Ooh. We all have our experiences. We all have a story or series of stories that we have lived and survived and been informed by. I just try to pull those things off the shelf of my personal life and layer them into the characters that I build and hope that it brings some authenticity.
Was there anything you reflected on for this film?
Yeah. You can’t do any of this stuff without that. I think the primary thing was the love of canines and my love of dogs. Never had a wolf, but always had dogs growing up. Always felt the canine in my heart that I treasured.
You have a few scenes with the wolves. Can you talk about that?
The wolves were fascinating. I didn’t realize how playful they were. Pretty much all they want to do is play. They’re constantly wrestling one another. There’s a clear pecking order in their relationships that they continually play out and that’s played out through physicality. They’re intensely sensitive, curious, and inquisitive. That said, their idea of play is probably a bit more extreme than your idea of play. One of the trainers was handling one of the wolves, and there was a second wolf behind him, who was jumping up and snapping at the back of his neck as though it were a low-hanging apple from a tree that he was trying to chop. And I think he gripped him and it was just wolf play (laughs).
But I looked at that and was like, “Wow, that’s a pretty easy way to lose the back of an ear or have the back of your head opened up like a soup can!” They’re a little rough, but at the same time there’s a child-like quality to them that I found. But they weren’t really that into me though, I have to say. In those scenes, wearing this caribou coat and boots, I was a little hesitant because I wasn’t certain if they would perceive me as something appetizing (laughs). And so as I stepped into their space that day, I was mindful of them obviously, but they had the exact opposite reaction that I thought they would have. They were so paralyzed with fear of me. I think they thought I was this odd-looking caribou that walked on two feet and was speaking this strange language and holding an intimidating rifle in one hand. They literally stopped in their tracks and just hauled off in the opposite direction. That was quite a surprise, but speaks to their sensitivity.

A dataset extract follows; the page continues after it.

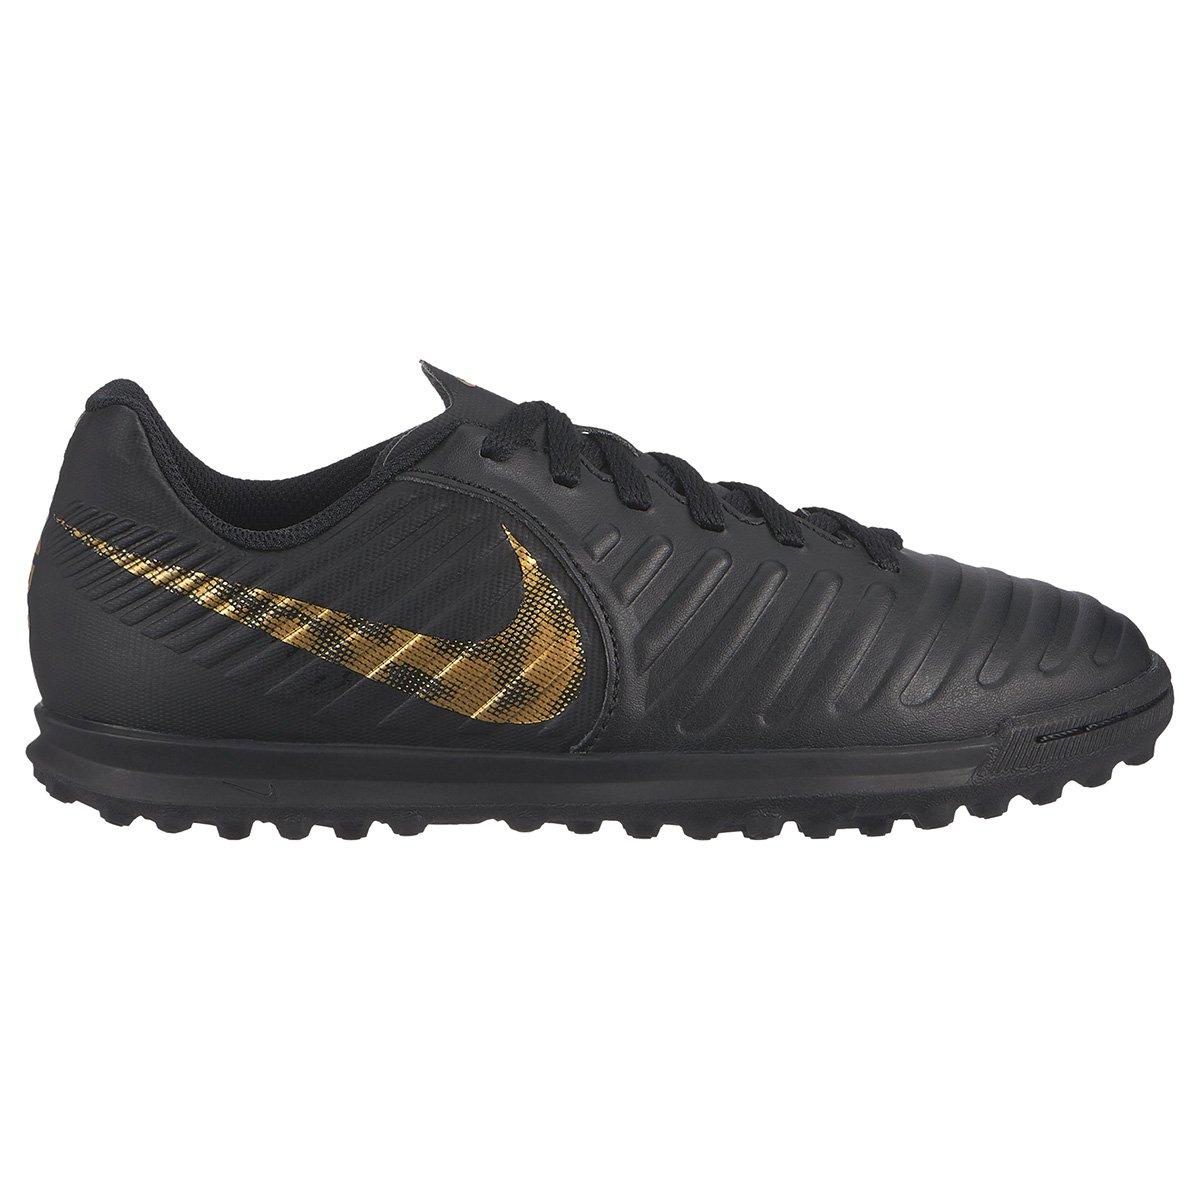 39f3e6ebbc Chuteira Society Infantil Nike Tiempo Legend 7 Club TF - Preto e ...

Director Jeremy Saulnier said that he didn’t need to overexplain some parts of the story and a close-up of your eyes was all the explanation needed. Is that how you prefer to humanize your characters?
Oh, yes! In the theater, the voice is the actor’s primary tool. But for me, in making films, the eyes are the primary tool. I just try to open those windows.
You have such range and gravitas, which allows you to be cast as a nerd in one project and a prison inmate in another. What’s the “Wright method?”
The method? Ooh. Just be open to whatever it takes to any given project. I don’t have any method. I just try to be flexible and available. I enjoy doing films or characters, at least, that are very different from previous characters and keep me on my toes and keep me interested. I just take it as it comes.
Thank you and it was a pleasure chatting with you!
Thank you, Marriska. Lovely to meet you.